In the process of faith the real test is the time between a total commitment and the time  when God brings about the fulfillment. It’s especially trying when God—for His own reasons—says “wait.” Tension increases when others question, ridicule, criticize or accuse us of being presumptuous to the point where we ourselves are shaken. That’s when we begin to question: Did God really speak? Were we presumptuous? Presumption is overstepping God’s leading, or attempting to force one’s desire upon God, or the result of an arrogant heart attitude.

For Abe there had been that clear and definite sense of divine appointment as described in chapter 10 of Shiny Shoes when he’d gone to the roof of Biola’s old campus to seek God’s guidance, and had been given a firm assurance of God’s hand upon him.

When facing such an emotional dilemma, it’s often helpful to seek out a seasoned servant of God who is willing to listen objectively. In their case they met with the pastor of the Evangelische Kerk who shared their concern and prayed with them. It was then that they all came to the conclusion that God’s answer was: “Wait and trust.”

Hebrews 11:1 reads, “Now faith is the substance of things hoped for, the evidence of things not seen.” In other words faith is not faith if one already knows the outcome. Faith is casting oneself totally and unconditionally upon God.

Abe himself commented on the incident in the following chapter, Sailing Shoes Facing New Horizons:

“With the passing of time one can look back at the pattern of one’s footprints on the trail of life and trace a design not visible at the time those footprints were made. Later we’d marvel at God’s wisdom in delaying us in Belgium long enough to learn some basic French and to establish a bond with the Belgian people. These two elements were essential in preparing us for ministry that would surpass our wildest dreams.

The Reward of Faith

“Now, with the funds in hand, we booked passage for July 11, 1933. We were thrilled when we held in our hands the long-awaited tickets that would take us to Africa…

“The church gave Elizabeth Lemière and us a touching send-off after the morning service. Emotion-packed speeches were given, followed by prayers of dedication and intercession mixed with songs of praise…

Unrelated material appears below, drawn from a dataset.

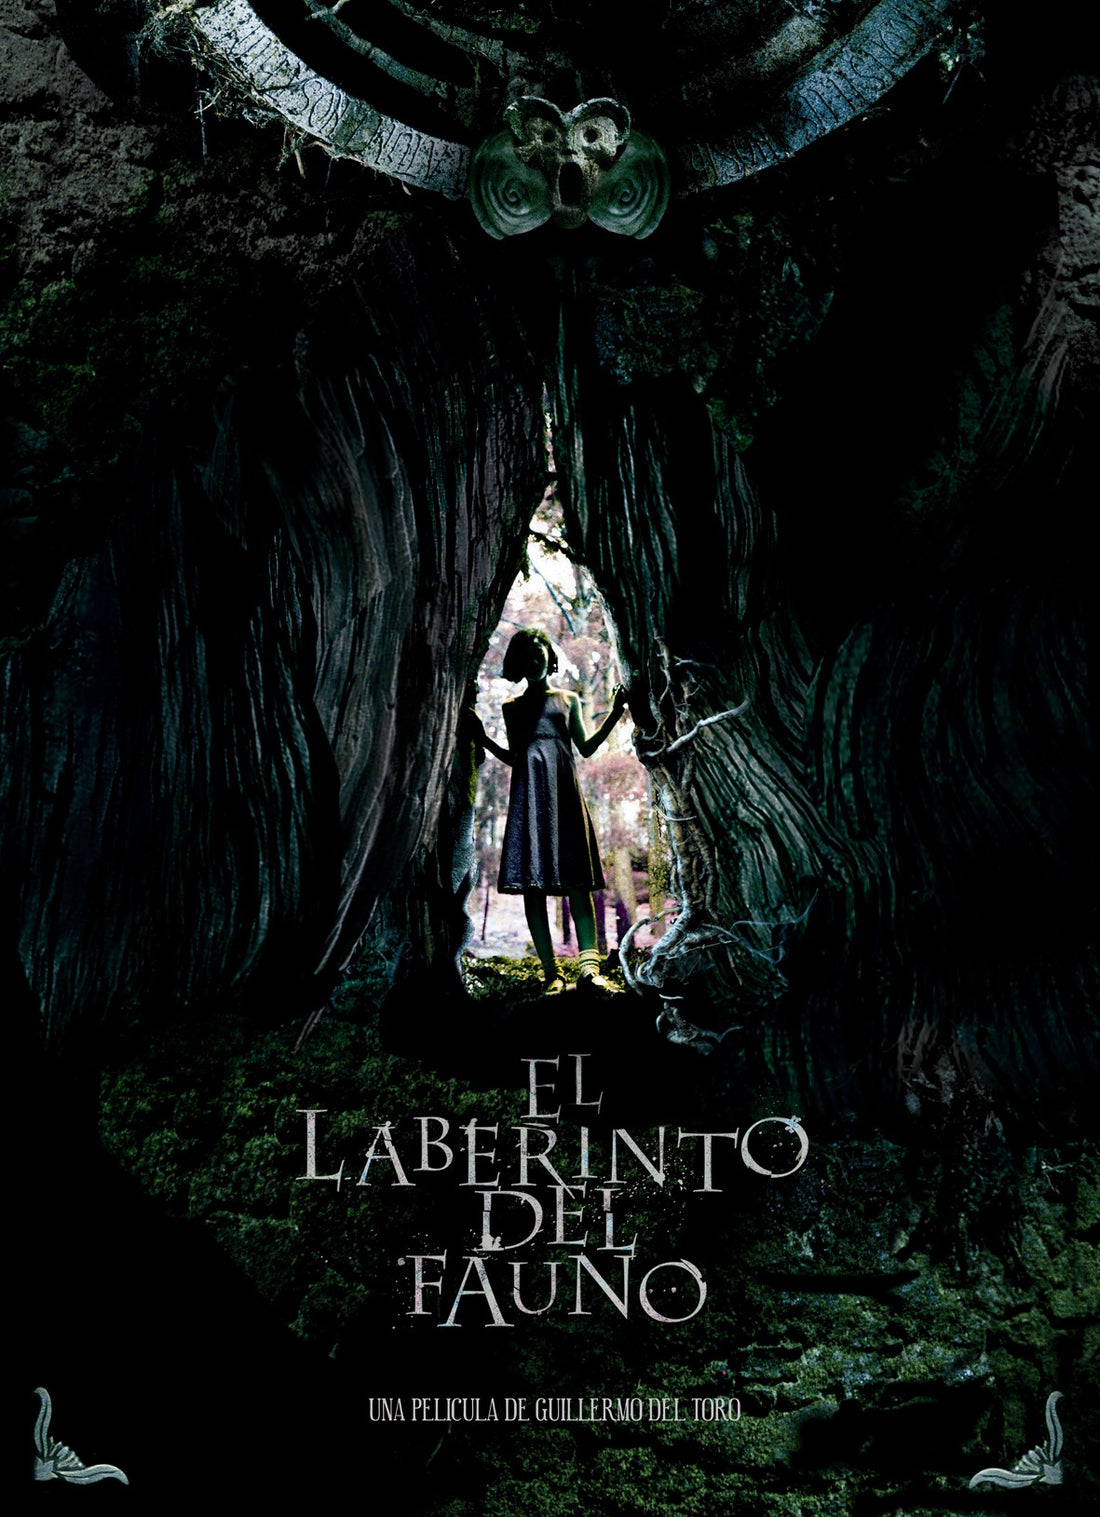 Explore Fantasy and History with "El Laberinto del Fauno"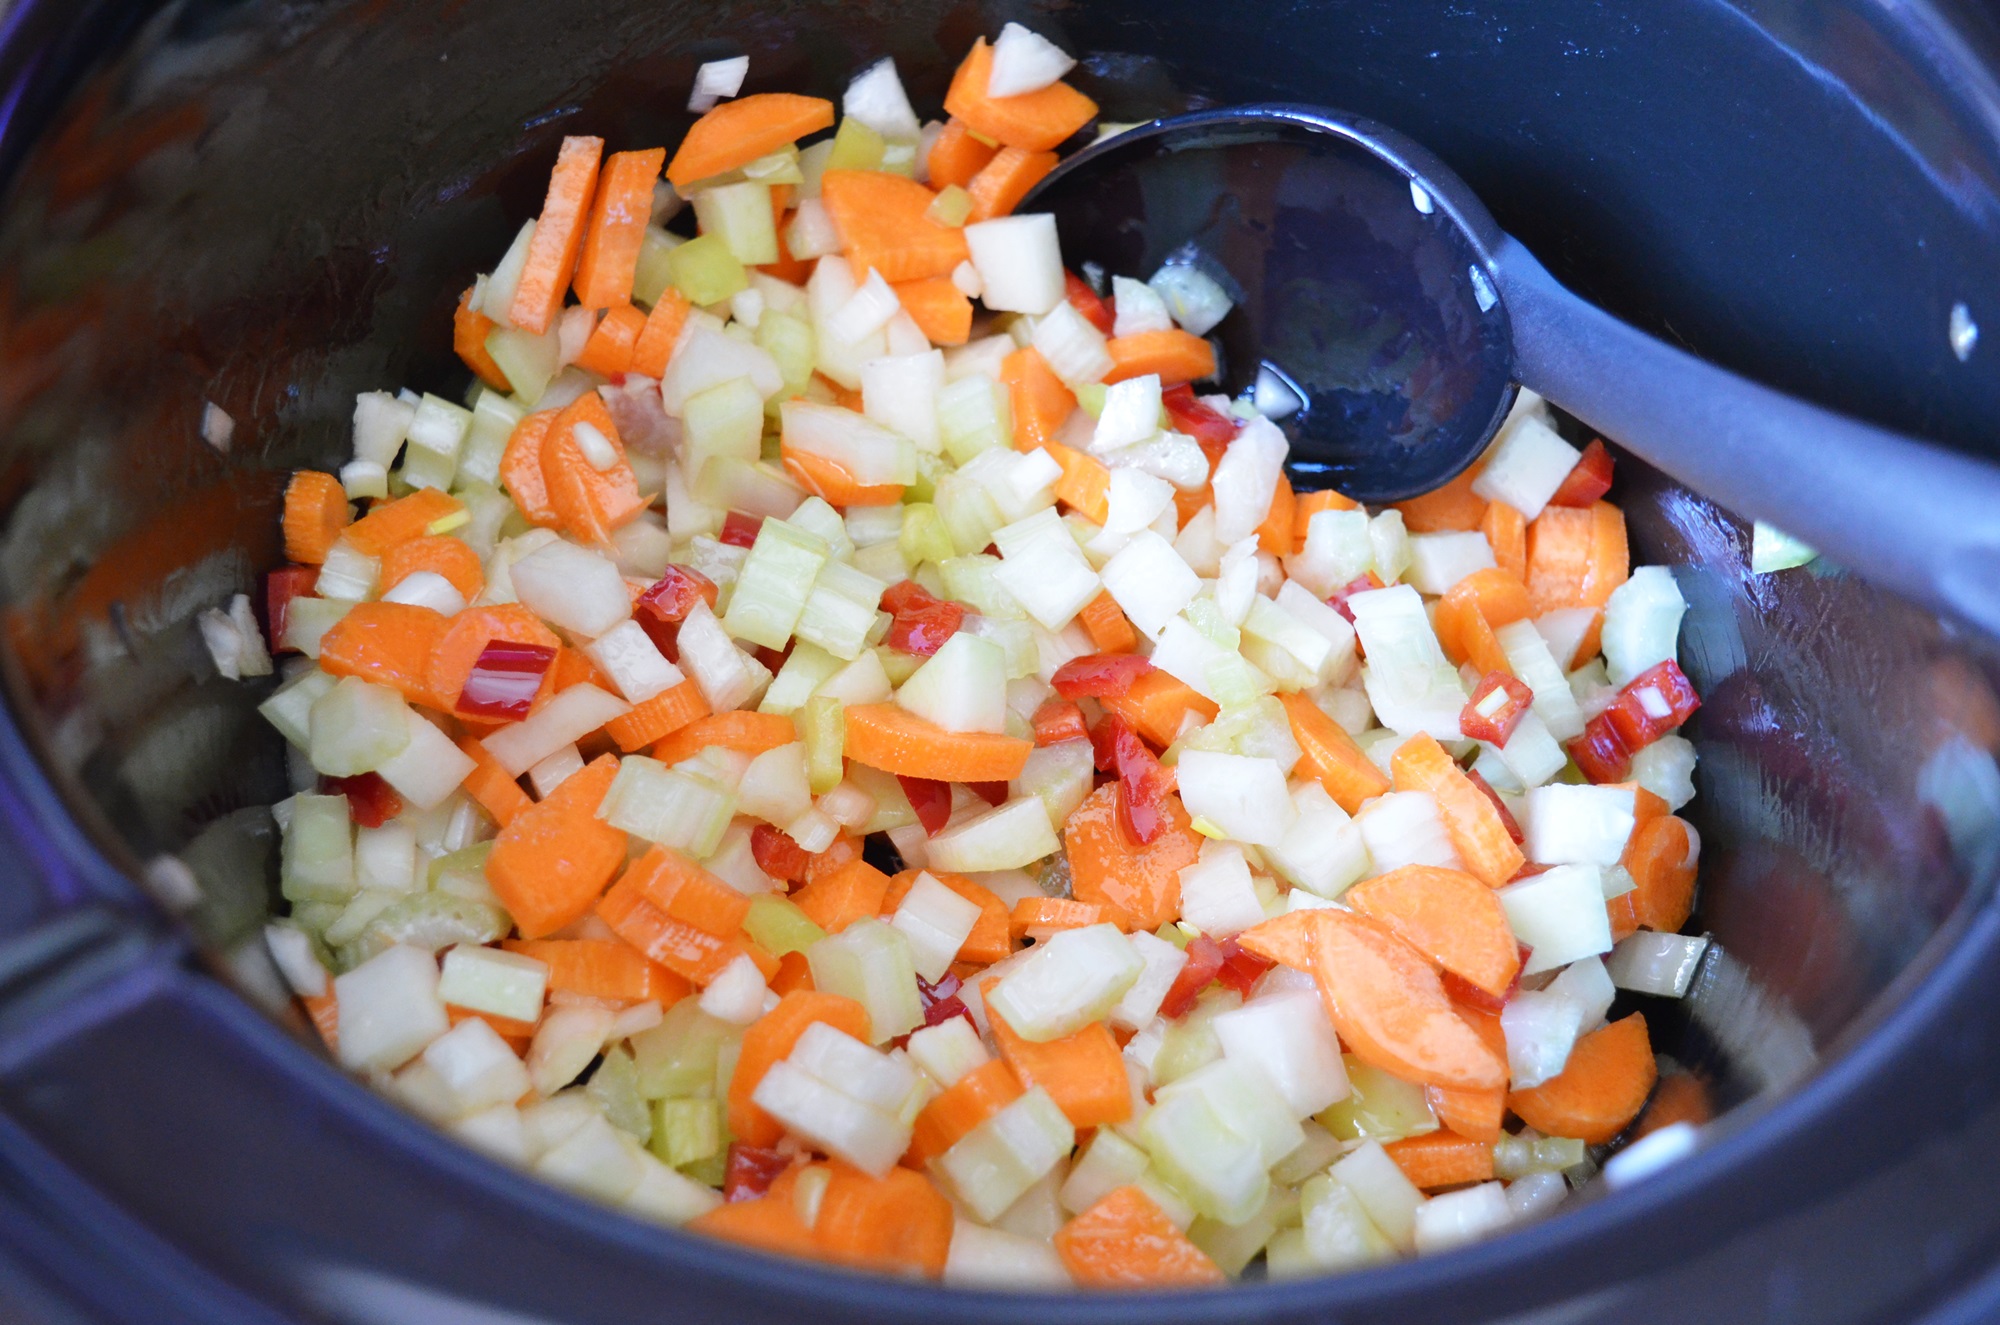 Ciorba de legume la slow cooker Crock-Pot

“then gathered outside for a memorable picture taken by a professional photographer…

“The next morning I rented a handcart. After loading all our belongs, the three of us set off across the cobblestones to the boat.

A good group of friends came to the Antwerp harbor to see us off. When the boat pulled out at 2 P.M. the hankerchiefs waving in tshe wind were as the sweet breath of the Spirit filling our sails and blowing us out to sea.”